In the mixing bowl add the bread flour, then in separate areas of the bowl add in the quick yeast, salt and sugar. Using your hand or spatula, give all the dry ingredients a good mix. Next add in egg and milk.
Using your hand or spatula, mix until there are no dry bits in the bowl. Once the dough has gathered together, turn it out onto the work surface and start to knead it for 5 - 10 minutes or until the gluten has formed.
Once gluten has formed, spread the dough and add the butter, cover the butter with dough then start to knead it again. It will become sticky and spread on the work surface. Use the bread cutter to gather the dough and continue to knead it for around 5 - 10 minutes or until it becomes smooth.
Once the dough becomes smooth, cut a piece of the dough and spread it very thin, if you can see your finger though the dough, and it does not break easily, this means the gluten is ready. Next roll it into a ball and put it into a bowl and cover with wrap or a plastic bag to prevent to dough from drying out. Put it in a warm place to do the first rest for 30 to 60 minutes or until it doubles in size.
Finger test (see notes) to check if the dough has rested enough. If the dough has rested enough, dust some bread flour on the surface, turn it out onto the work surface use your hand gentle push the air out and divide into 4 equal pieces.

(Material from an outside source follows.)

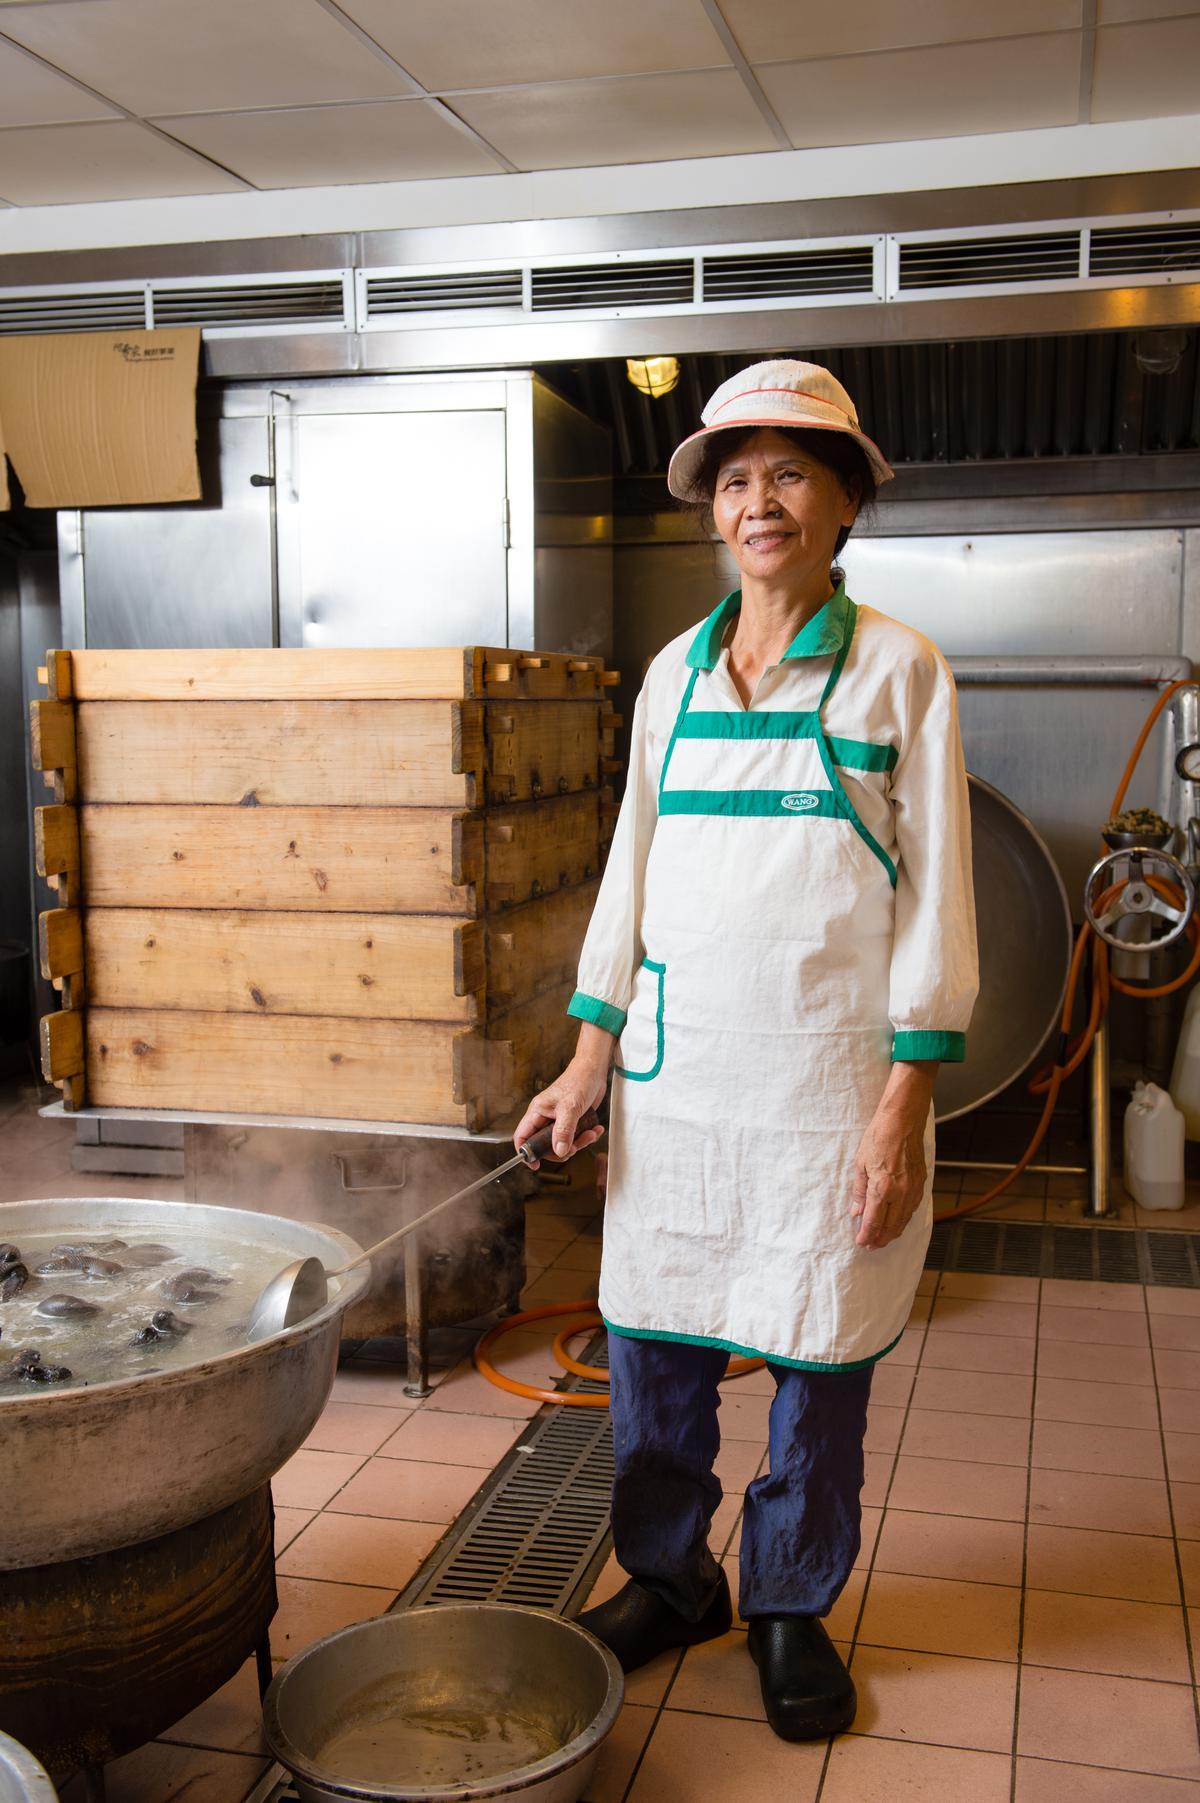 「阿勇家餐飲事業」現在都由娘子軍團總舖師出征到各地辦桌,這天為我們示範辦桌菜的是黃秀雲「阿雲師」,跟著阿勇師辦桌已有30幾年。
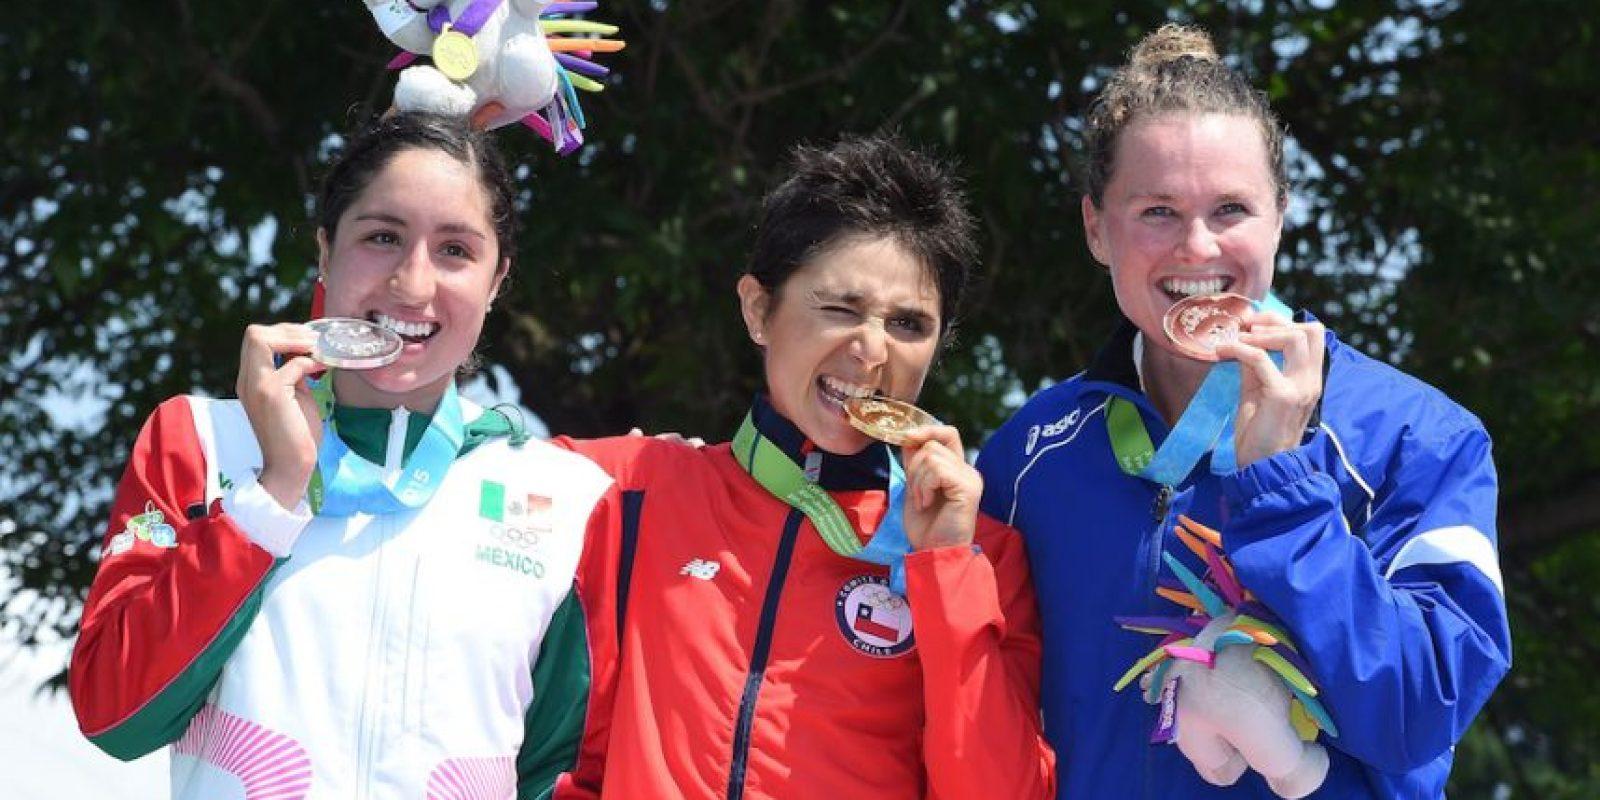 Paola Díaz de México fue plata (izquierda), Bárbara Riveros ganó oro (centro) y Flora Duffy de Bermudas obtuvo bronce (derecha). Foto:Getty Images

Next shape each piece into a small ball, use the outside edge of your hand to roll the dough in the other hand , this should stretch the top and give it a smooth look. Then at the bottom you want to pinch the dough together to seal the ball. Then leave them on the work surface and allow to rest for 15 minutes, cover with wrap or towel.
Dust your work surface with a little flour, spread out each ball and push the air out gently. Then shape it into the balls again. Put the balls on the tray and space them equally, let it rest in a warm place for around 30 to 60 minutes or until it doubles in size. cover with wrap or plastic bag.
Once the dough has doubled in size, egg wash and sprinkle sesame seeds on the top of the bread. Preheat the oven to 210C, then bake in 190C for 13 - 15 minutes or until top of bread is golden brown.
Once you have removed the bread from the oven, give the tray a gentle tap on the work surface. This will allow any extra steam or moisture to escape and stop it being trapped inside.Enjoy your bread.